2. PHP depends on lots of unexpected things. If you're deep into language internals already you probably know this however. I was putting symfony2 into a PHP Unikernel a long time ago, and it drove me a bit crazy because everything in the file system, SAPI, locales, etc... it was all missing bridges to something it expected the OS to provide. I ended up making an immutable FS with Nginx and PHP all static linked to each other, but it was really just enough for a POC, a real production ready env would have been a lot more effort. The point is, PHP has a lot of unexpected "hooks" into environments it has grown up around that might be well hidden.
Anyway, really cool project and I like the concept of using a SAPI, I think it has big potential.
Re (1) how feasible would it be to basically teach the PHP VM the equivalent of fork() so you can do all the booting once but still have a fresh copy of the end result on each request?
I mean, it's not going to be as cheap as getting the thing to actually run in a loop, but it might be enough cheaper than the booting process to be worthwhile.
This is one of the things FrankenPHP is dealing with (w/out fork).
The big 'gotcha' here is that the heap is typically shared amongst threads in a process and that's where globals tend to live. However, you could make a heap per thread (which is kind of how some implementations of isolates work). You lose a bit of perf by doing this but it does deal with the global stomping problem.
We've (NanoVMs) looked at this a few times. It can be done but as bdg mentioned most frameworks expect state to be in a completely clear so the real challenge is that you have to go in and deal with each framework itself (for instance using WP as an example).
If you had a php framework that wasn't so dependent on global state you could definitely make something way more performant.

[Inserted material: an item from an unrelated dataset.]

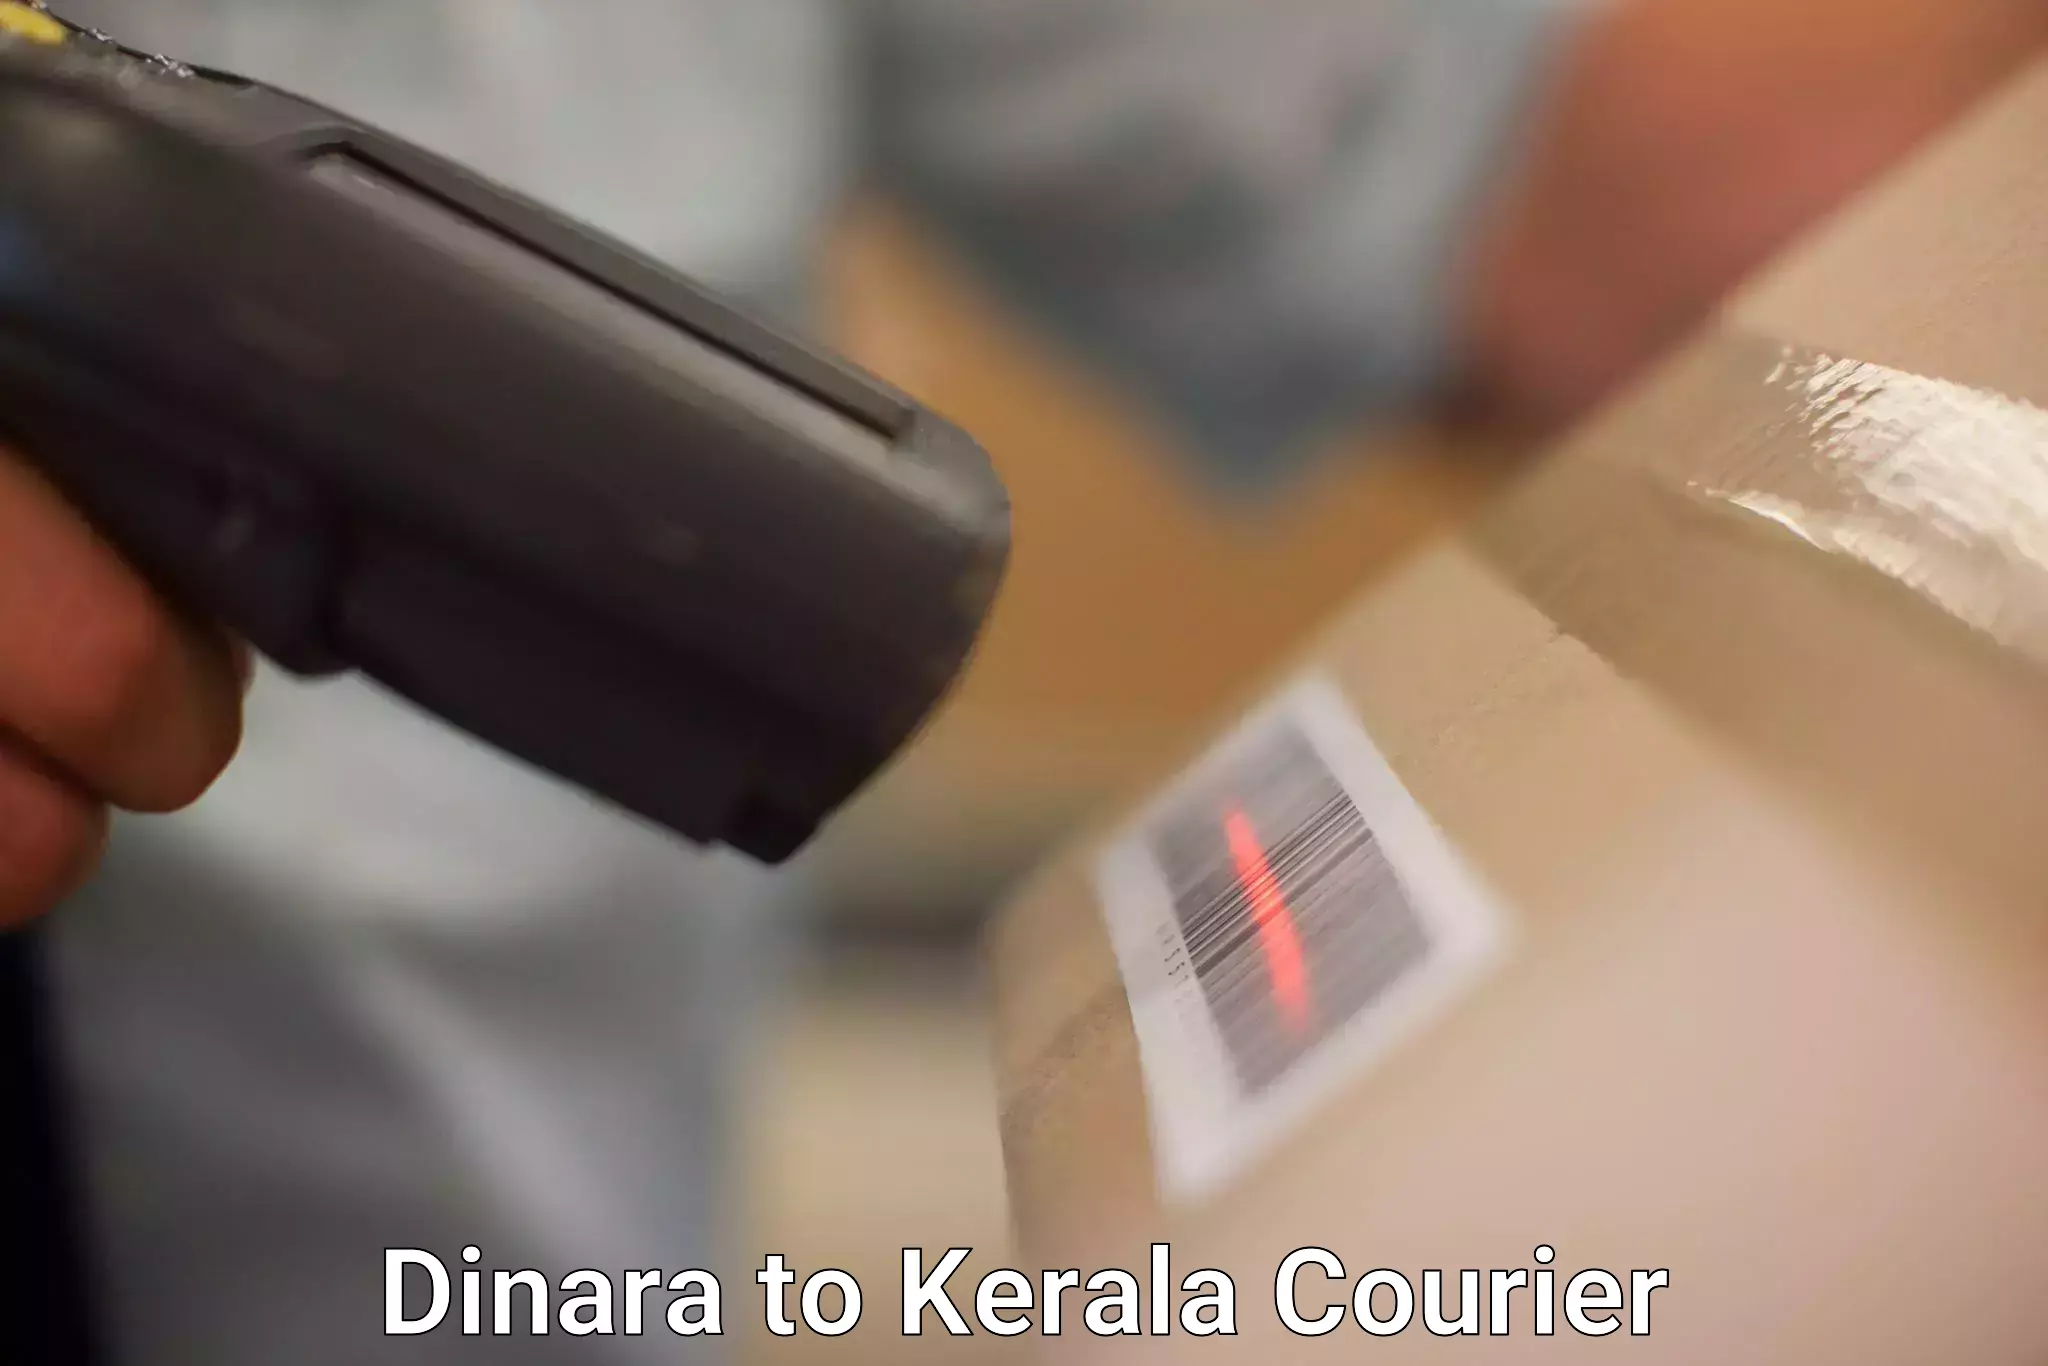 Customizable shipping options Dinara to Malappuram
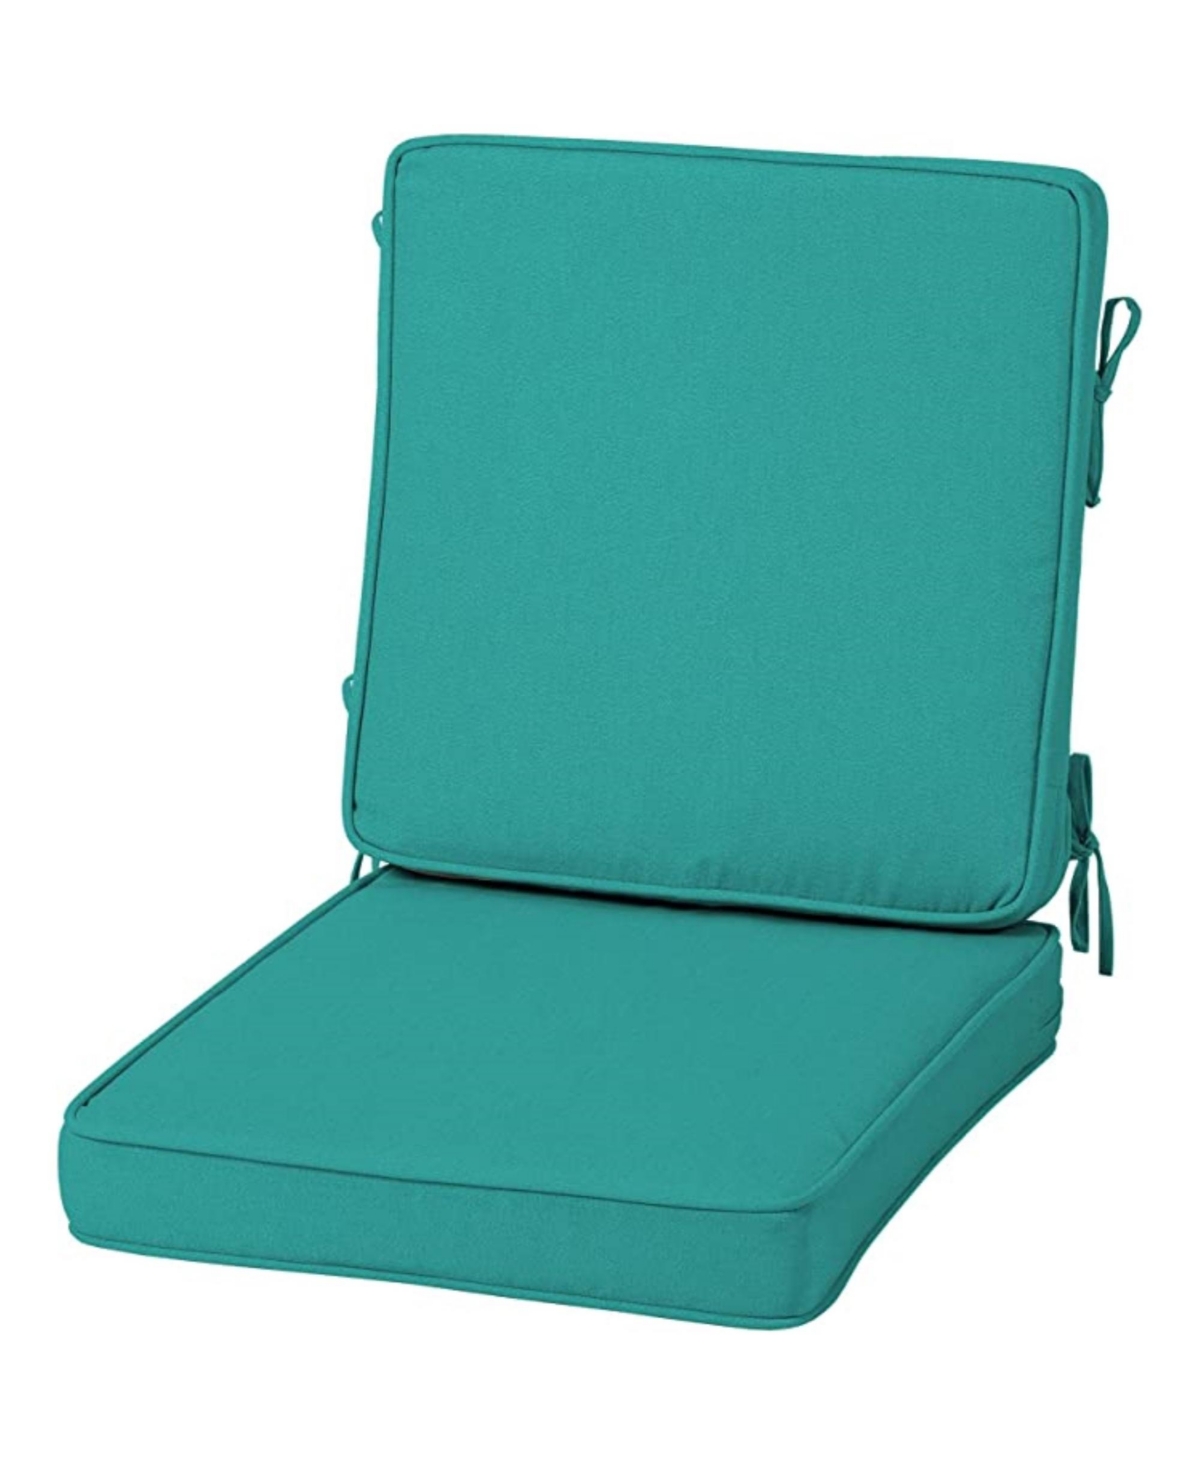 Acrylic Foam Chair Cushion 20In x 20In Aqua - Blue

In general scripting languages and their usage of global state is a recurring concurrency issue but I'm hopeful that the isolate pattern will catch on in other languages to help alleviate it.
It's a cool idea but I haven't explored this in detail so I don't have a good answer. I haven't touched PHP in 2 years but they have a new feature which might achieve some of those design goals you mentioned:
> preload.php is an arbitrary file that will run once at server startup (PHP-FPM, mod_php, etc.) and load code into persistent memory.
It's interesting to me, because in a big ecomm framework we were getting 80ms PHP page loads, with something like preload it could probably be moved down to 25 or 30ms.